LV profits jump as ‘tough trading conditions’ dent life insurance arm
LV said pre-tax profits rose 191% to £35 million for the six months to June 30.
Insurance firm LV has reported a jump in like-for-like profits for the first half of the year, despite a downturn in sales for its life and pensions business.
The firm, which specialises in mutual insurance, retirement and investment, said profits bounced higher on the back of improving investment markets, which offset cost increases.
LV posted like-for-like pre-tax profits of £35 million for the six months to June 30, up 191% from £12 million in the same period in 2018.
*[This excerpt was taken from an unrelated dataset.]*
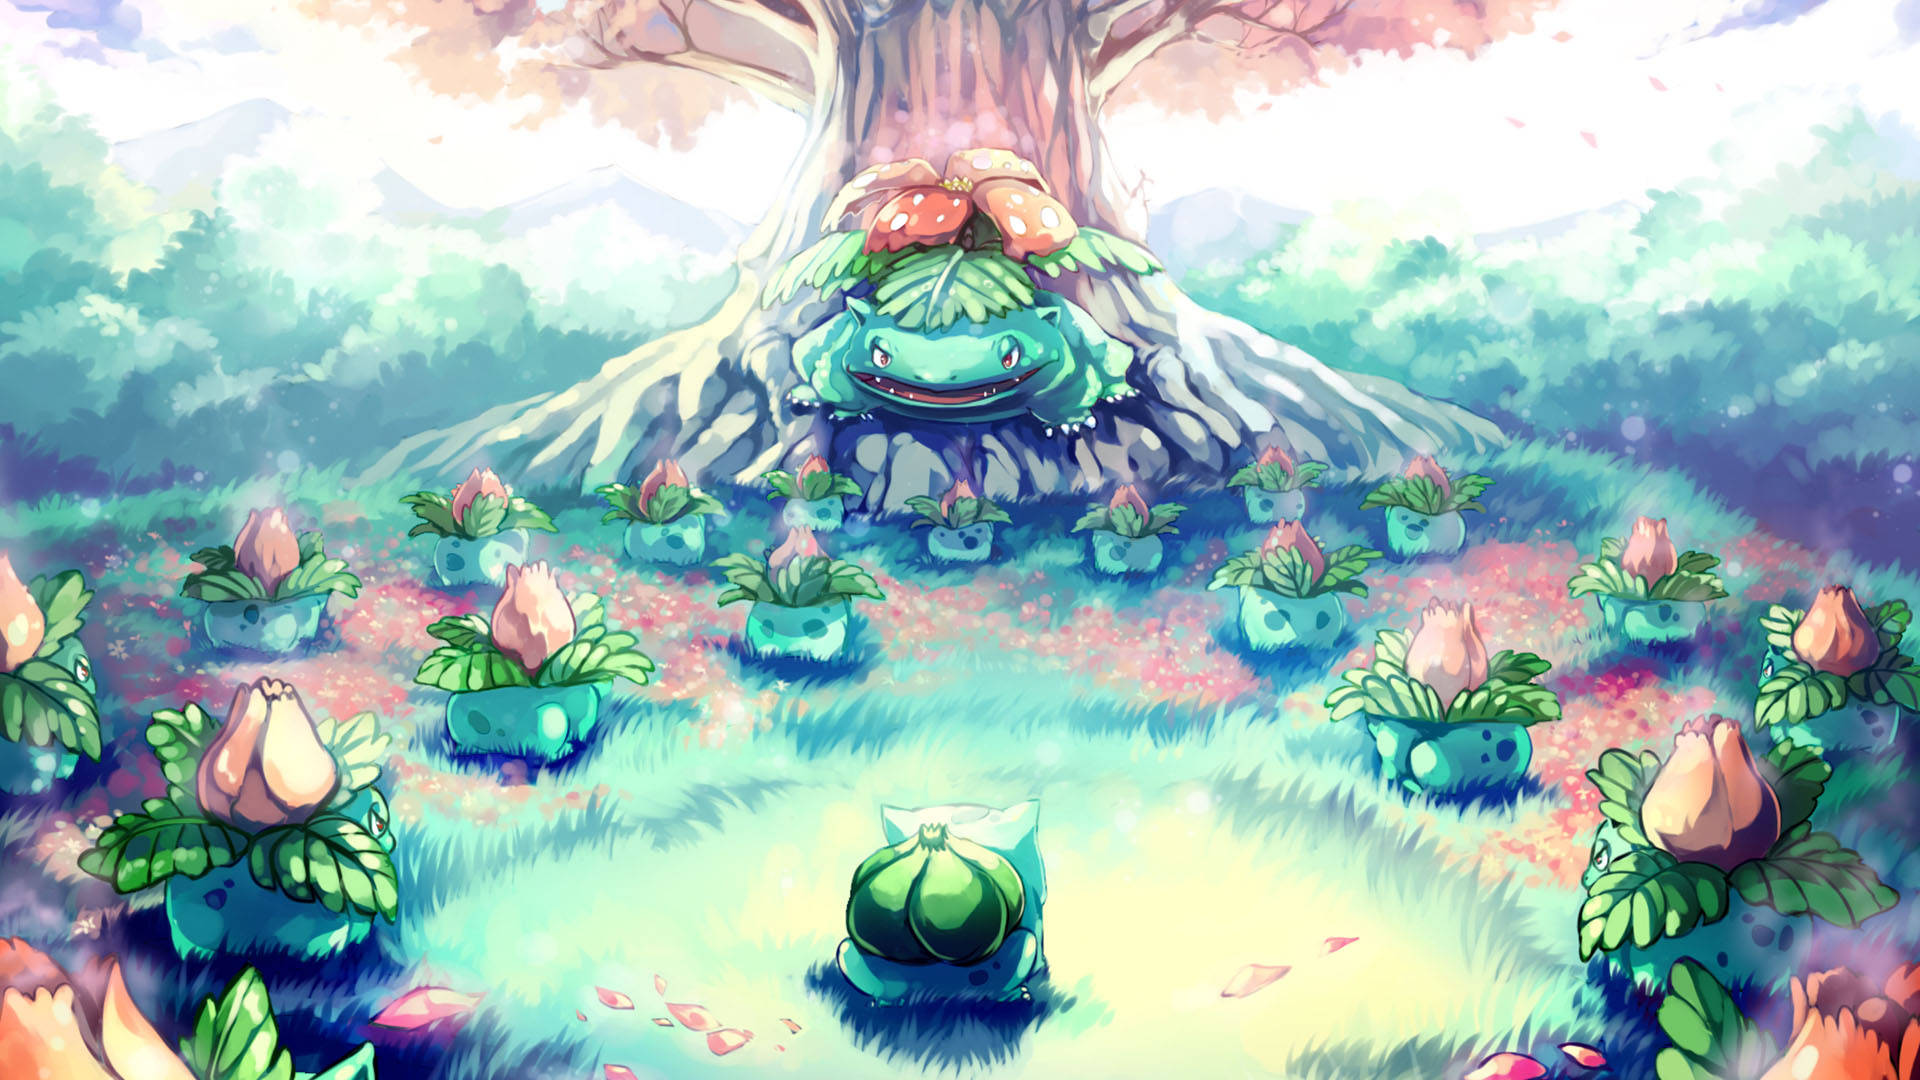 Bulbasaur Swinging On A Tree Branch In A Forest Wallpaper

Nevertheless, the company said that its life and pensions division, one of its largest arms, has faced “tough trading conditions” in 2019.
The division saw sales slide by 26.8% to £710 million, from £970 million in the same period last year.
Its savings and retirement business also saw sales plunge, as they fell 31.5% to £560 million amid a continued decline in the pensions market.
The half-year figures come after LV agreed a deal to sell its remaining shares in the LV General Insurance business to Allianz for £365 million.
The deal will be completed at the end of 2019 and “represents a good deal for members”, the company said.
Richard Rowney, LV Group chief executive, said: “2019 is an important year in the evolution of LV as we establish the foundations from which to build a better mutual for the future.
“One of the foundations of our success over the years has been the strength of the LV brand and this remains in good health.
“By the end of 2019 we will have completed our transition to a pure life and pensions provider with a clear focus on the low risk, advice led, mass affluent market.
“We look to the future with confidence as we build momentum across savings and retirement, and protection while continuing to provide a good service to our heritage customers.”